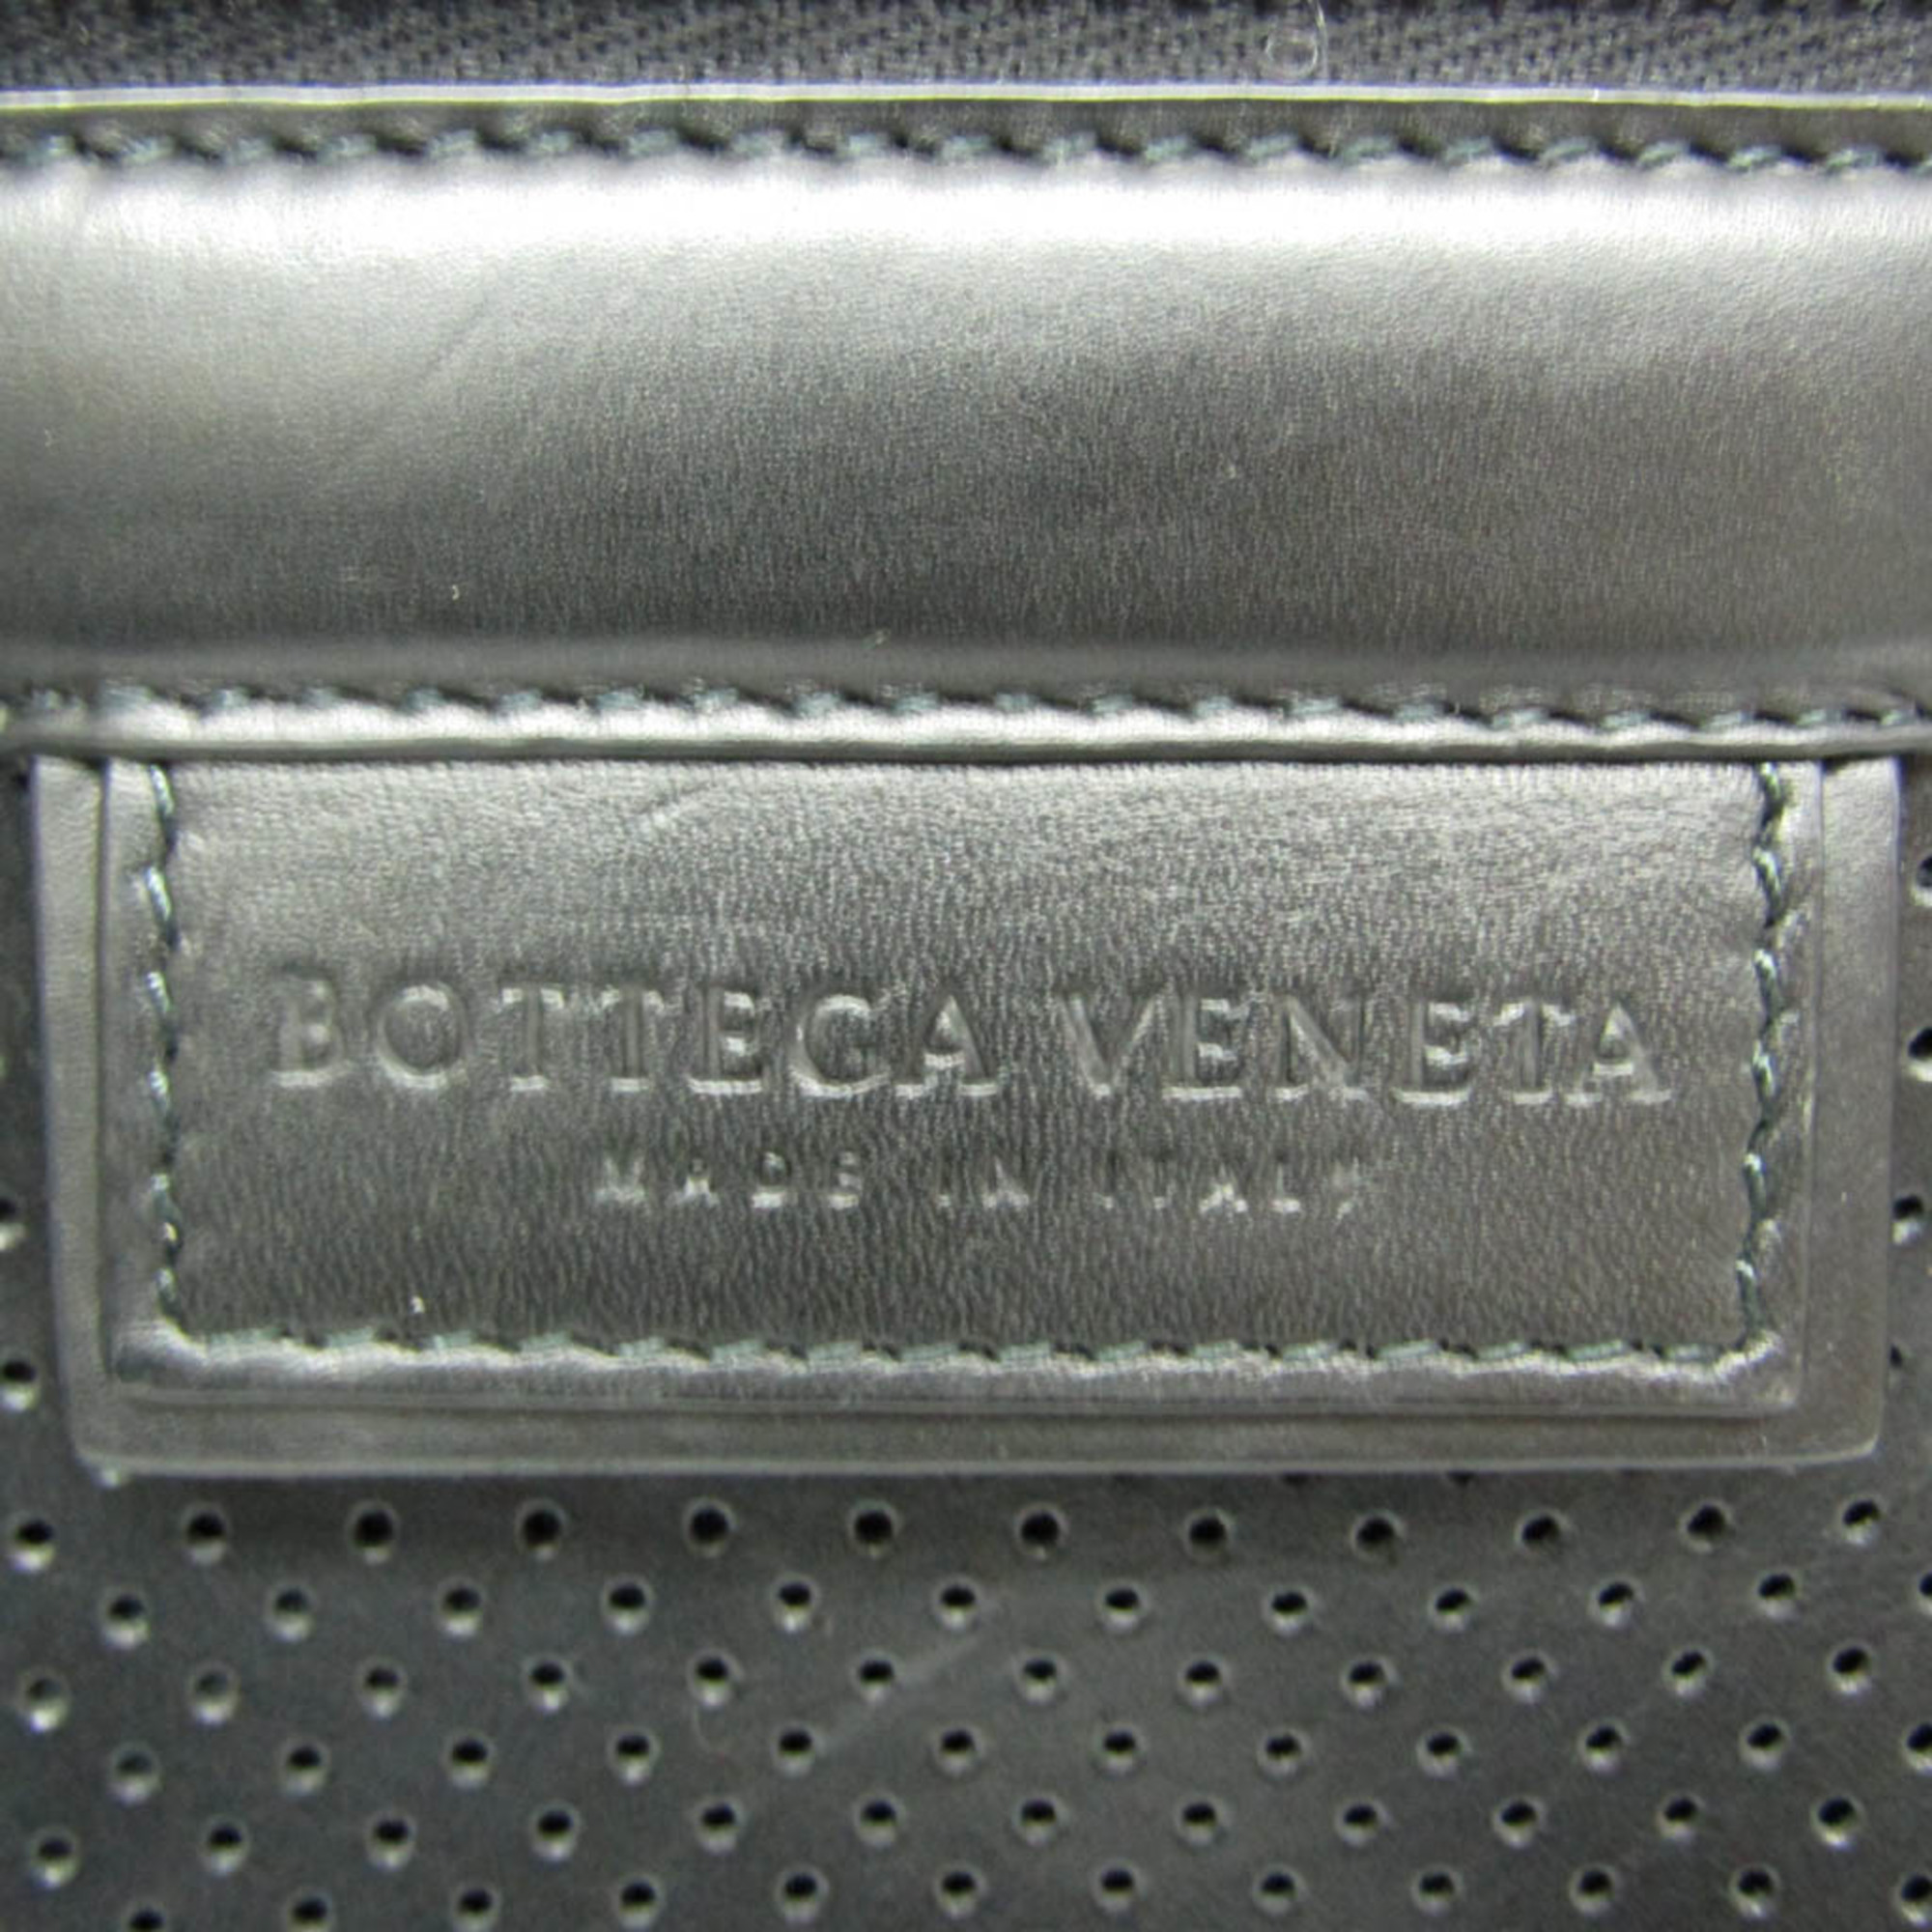 Bottega Veneta Leggero Men's Leather Clutch Bag Black
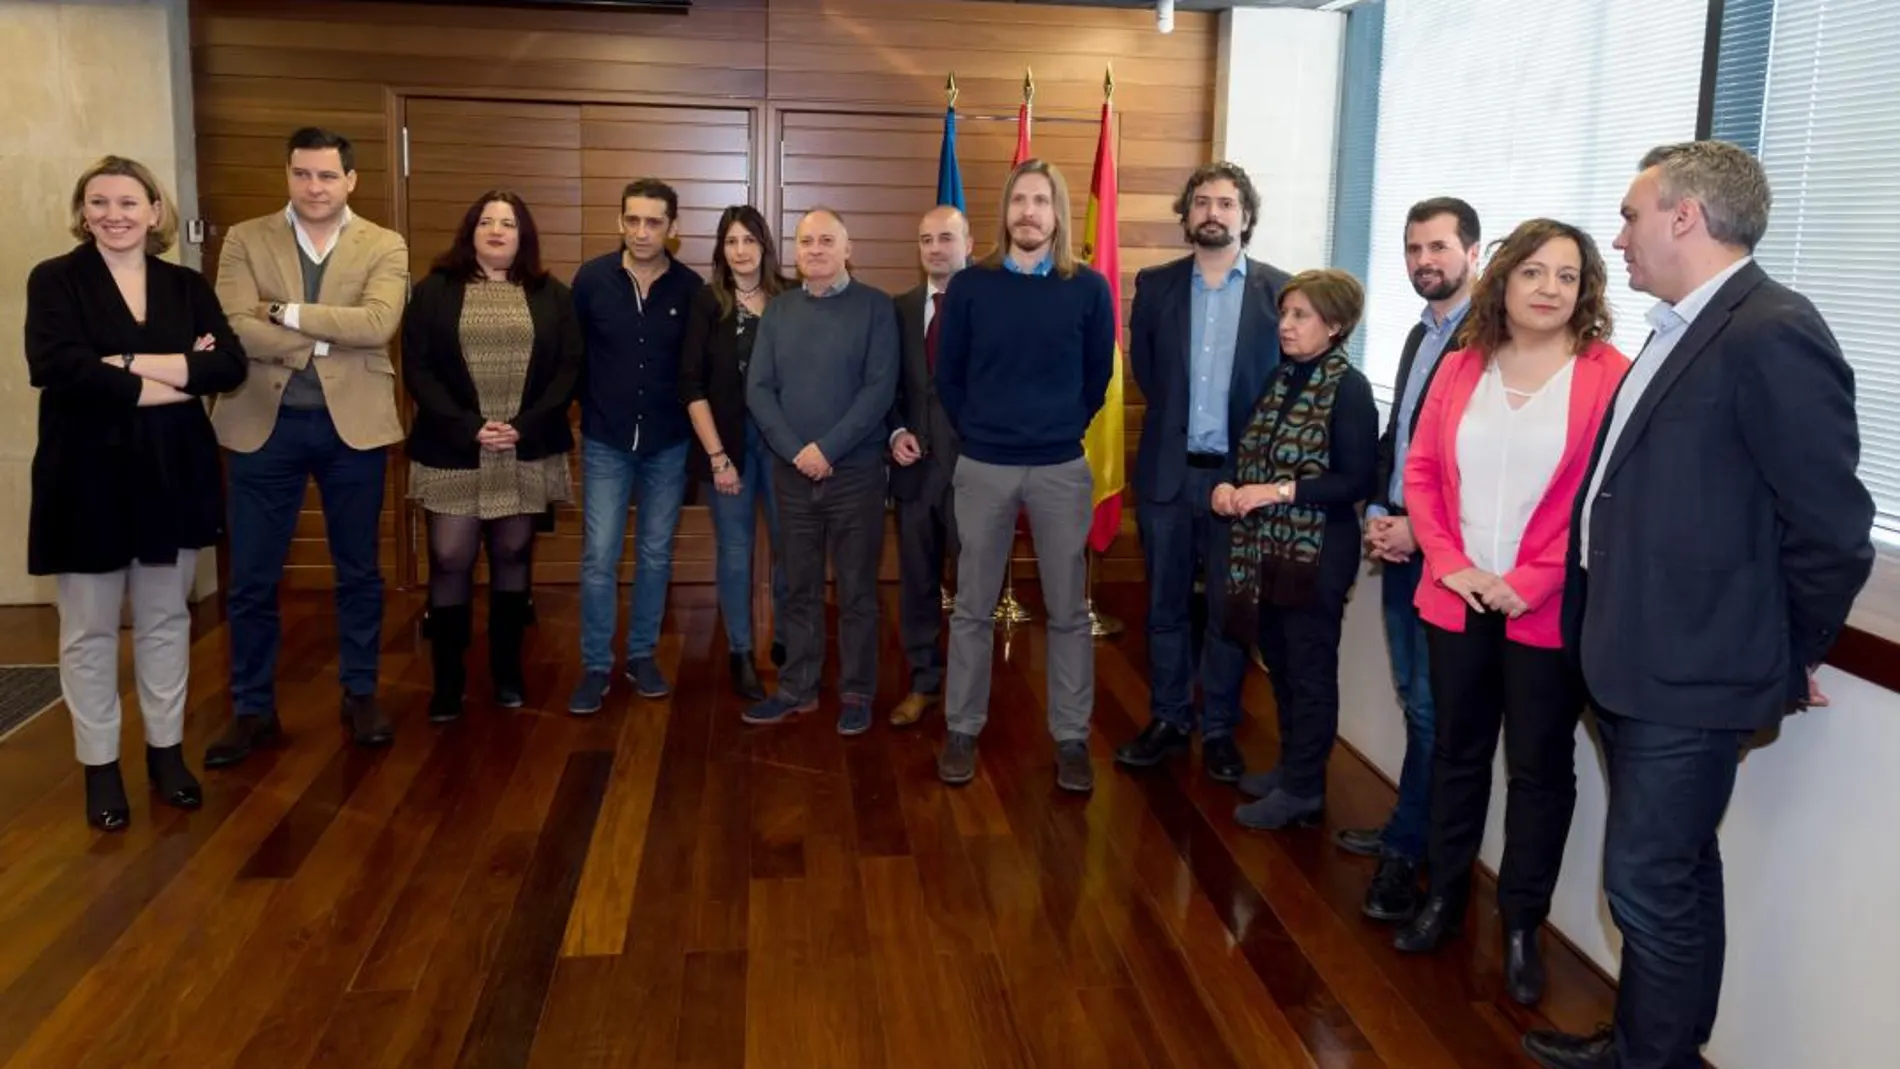 Los secretarios de CCOO y UGT, junto con los portavoces de todos los grupos políticos de las Cortes de Castilla y León, presentan el manifiesto conjunto suscrito con motivo de la celebración del Día Europeo por la Igualdad Salarial
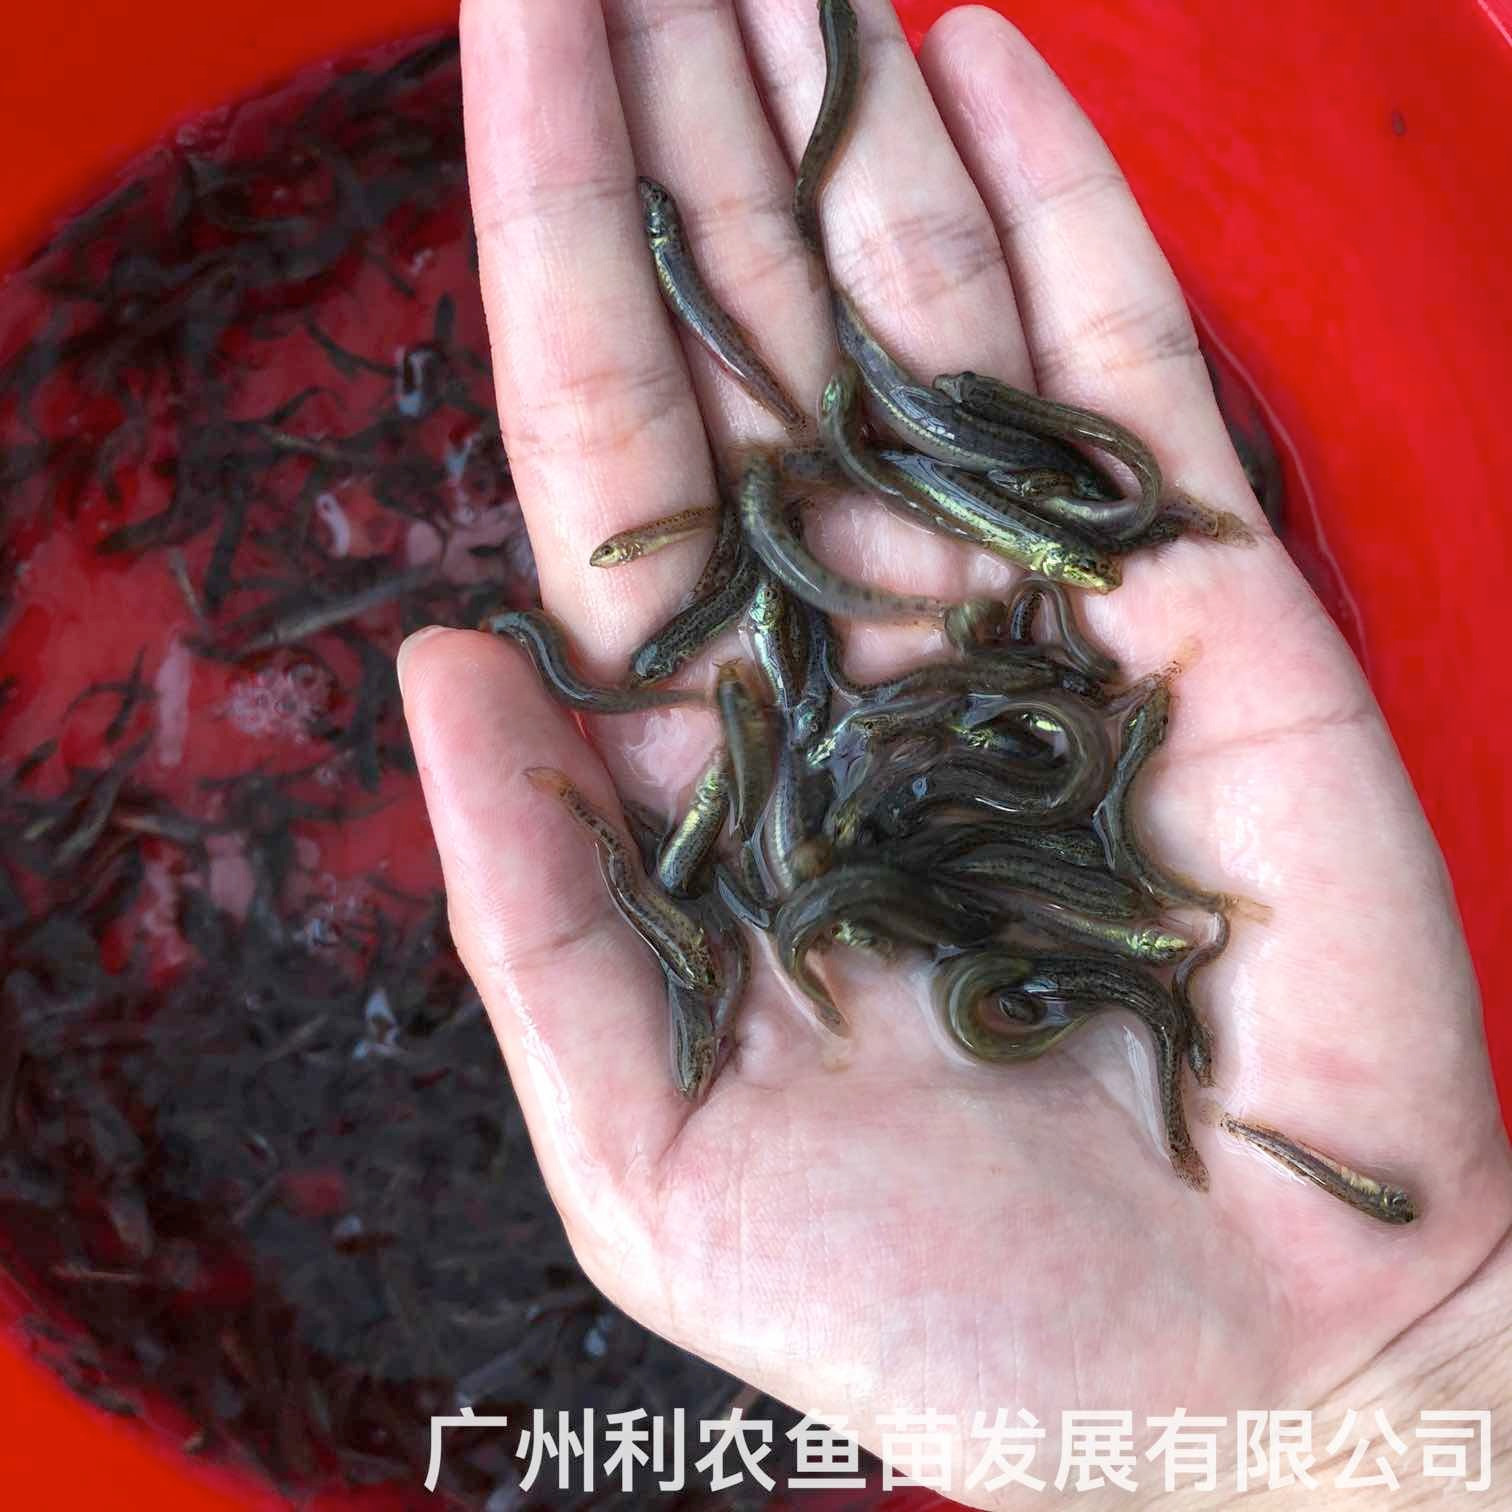 广东中山台湾泥鳅苗出售出售价格广东惠州泥鳅鱼苗批发养殖基地
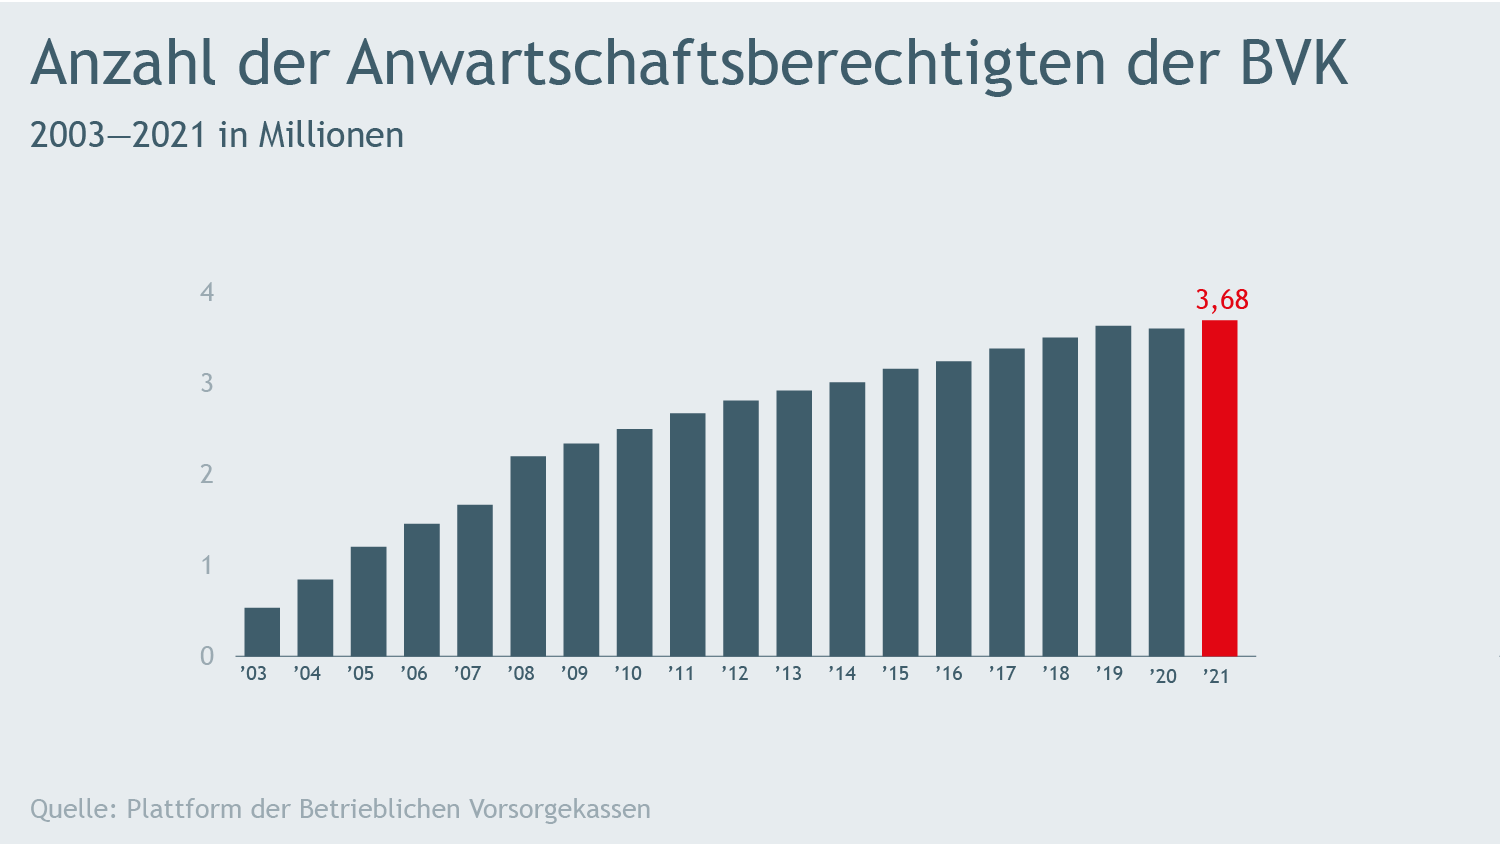 Verlaufsdiagramm zur Entwicklung der Anzahl der Anwartschaften der betrieblichen Vorsorgekassen von 2003 bis 2021

:::

ASSIGNMENT
The data must be reproduced exactly, and no picture may appear in the copy.

SOLVED PROBLEM
 Bottega Veneta Leggero Men's Leather Clutch Bag Black
 Los secretarios de CCOO y UGT, junto con los portavoces de todos los grupos políticos de las Cortes de Castilla y León, presentan el manifiesto conjunto suscrito con motivo de la celebración del Día Europeo por la Igualdad Salarial
 广东中山台湾泥鳅苗出售出售价格广东惠州泥鳅鱼苗批发养殖基地
 Verlaufsdiagramm zur Entwicklung der Anzahl der Anwartschaften der betrieblichen Vorsorgekassen von 2003 bis 2021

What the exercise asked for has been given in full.